Bures–Fisher–Rao geodesics for scalar or matrix-valued measures generalize the above notions. For scalar nonnegative measures, one obtains

$\rho_t(x) = \left((1-t)\sqrt{\mu_0(x)} + t\sqrt{\mu_1(x)}\right)^2,$

with the pointwise "growth" or schedule

$r^*(t,x) = \frac{\partial_t \rho}{\rho} = 2\frac{\sqrt{\mu_1(x)}-\sqrt{\mu_0(x)}}{(1-t)\sqrt{\mu_0(x)} + t\sqrt{\mu_1(x)}},$

so that the Fisher–Rao schedule evolves the density at uniform statistical speed (Chizat et al., 2015). In the non-commutative (matrix-valued) case, the closed-form geodesic is a normalized linear-in- $\sqrt{G}$ path, reparametrized so that the $L^2$ -norm of the velocity field remains constant (Monsaingeon et al., 2020).

A significant extension is the Fisher–Rao–Wasserstein (FRW) metric, interpolating classical mass-preserving optimal transport with Fisher–Rao creation/annihilation. Here, the optimal schedule jointly evolves velocity and growth fields, again by enforcing constant metric speed along the path (Chizat et al., 2015).
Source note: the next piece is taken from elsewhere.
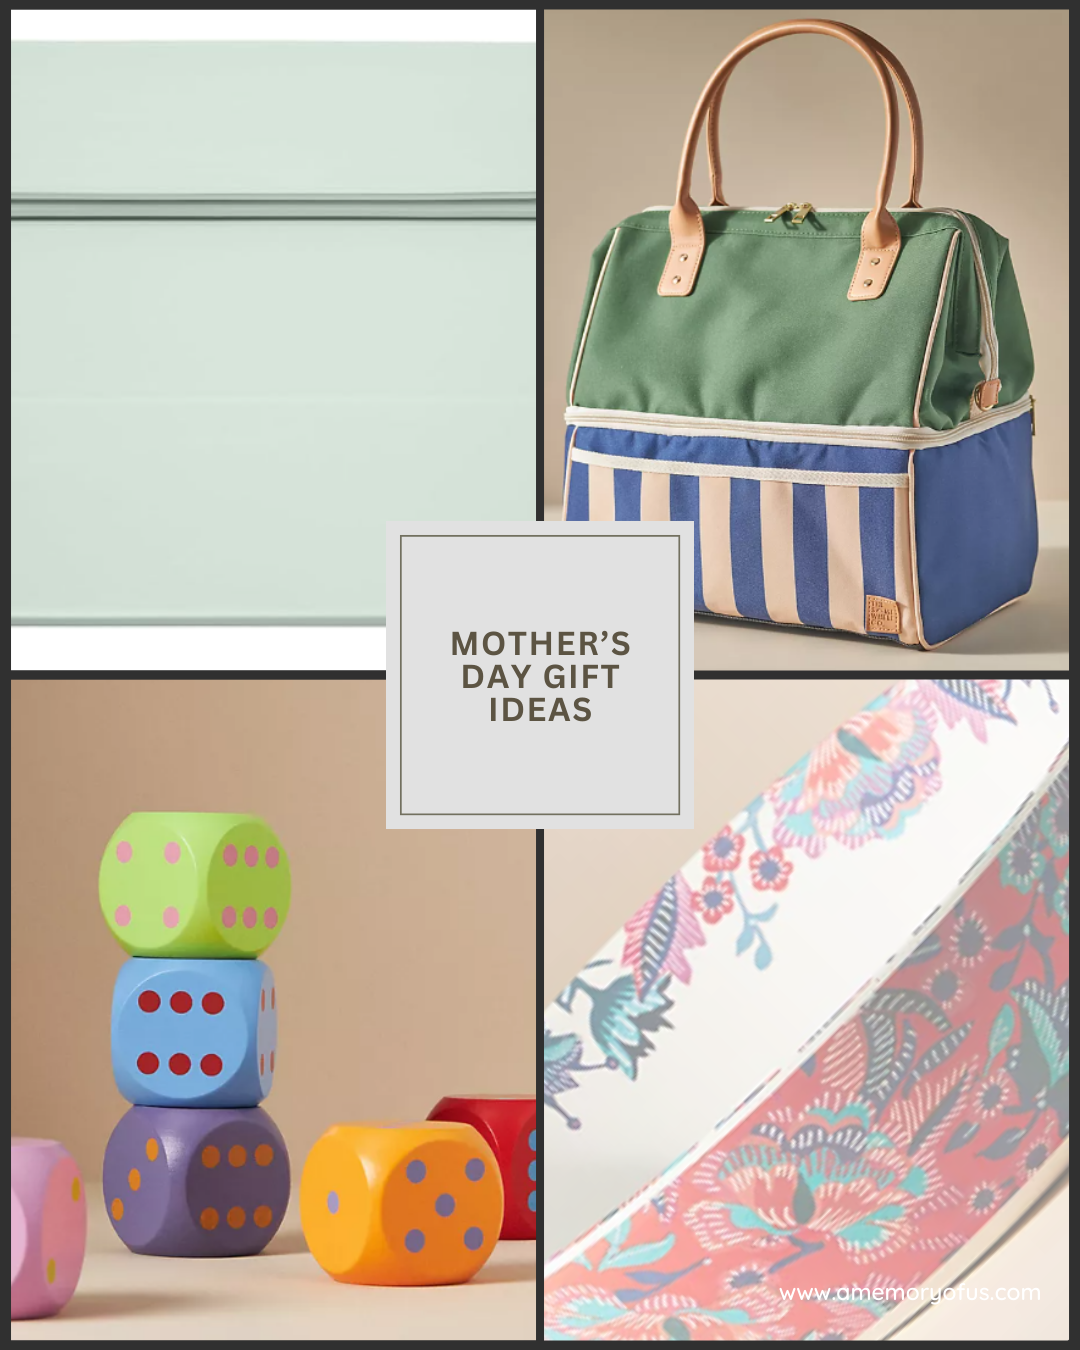 Mother's Day Gift Ideas | What to buy your wife for mother's day 2024 | mother's day gift ideas 2024 | what to buy for a mother's day present | gift ideas for mother's day | mother's day gift ideas | a memory of us
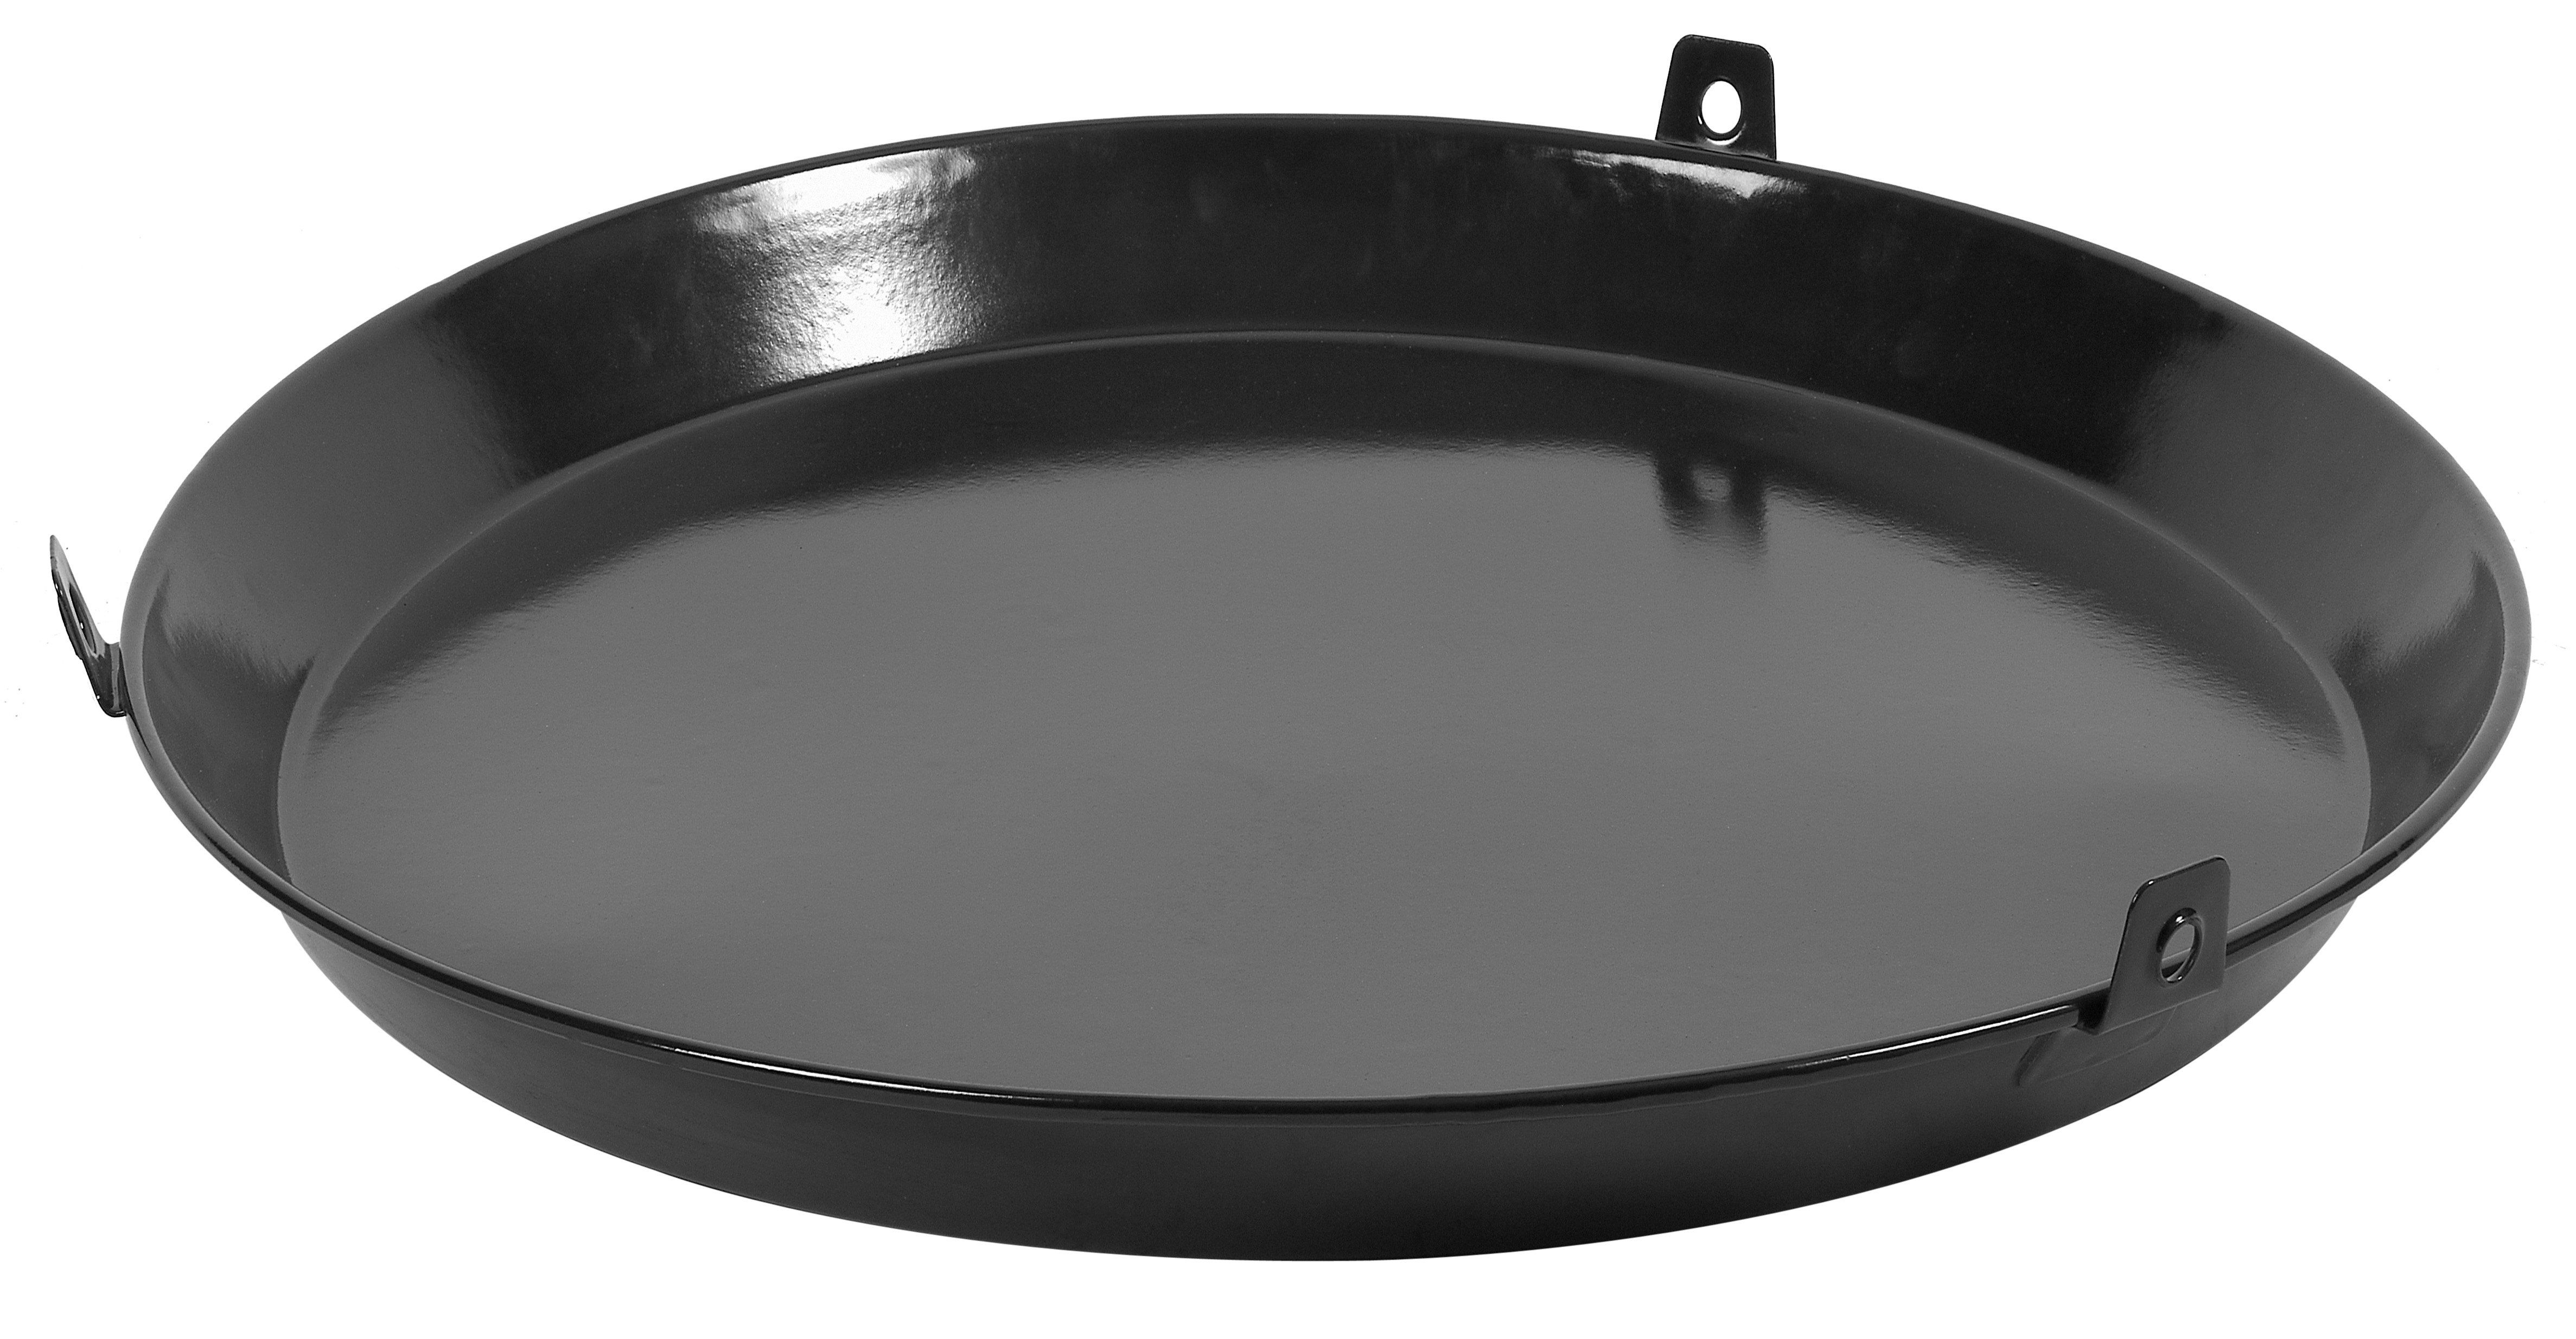 Barbecook Barbecue Pan

5. Computational Aspects and Numerical Construction

Closed-form schedules are available in special cases (simplex geodesics, masked discrete diffusions, beta families). For general parameterizations or for coupled metrics (e.g., LDDMM–Fisher–Rao metrics for varifolds, Fisher–Rao–Wasserstein geodesics), one numerically integrates boundary-value ODE systems, applying shooting or collocation methods. Reparametrization by cumulative arc-length ensures constant Fisher–Rao speed and optimality (Brigant et al., 2019).

For registration and matching in geometric measure spaces (e.g., varifolds under LDDMM–Fisher–Rao), optimal schedules are determined by solving Hamiltonian systems with Fisher–Rao controls, using numerical shooting algorithms, back-propagation through the ODE system, and efficient kernel summation (Hsieh et al., 2021).

6. Extensions and Significance

The optimal schedule concept generalizes across information-geometric metrics. For other choices (Wasserstein, Sobolev, etc.), analogous geodesic equations lead to respective optimal schedules. In practical settings (e.g., discretized diffusion, image registration, non-commutative probability measures), Fisher–Rao–geodesic schedules provide not only theoretical efficiency but empirically improved fidelity to underlying data or model constraints. The cosine schedule's empirical superiority for diffusion sampling stems directly from its Fisher–Rao-geodesic optimality (Zhang, 6 Aug 2025).

The uniqueness and existence of these geodesics are often guaranteed by strict negative sectional curvature (as in the beta manifold (Brigant et al., 2019)) or by convexity of the variational functional (as in FRW and LDDMM–Fisher–Rao frameworks). The Fisher–Rao–geodesic optimal schedule thus unifies diverse applications where optimal transport, entropy minimization, and statistical efficiency intersect.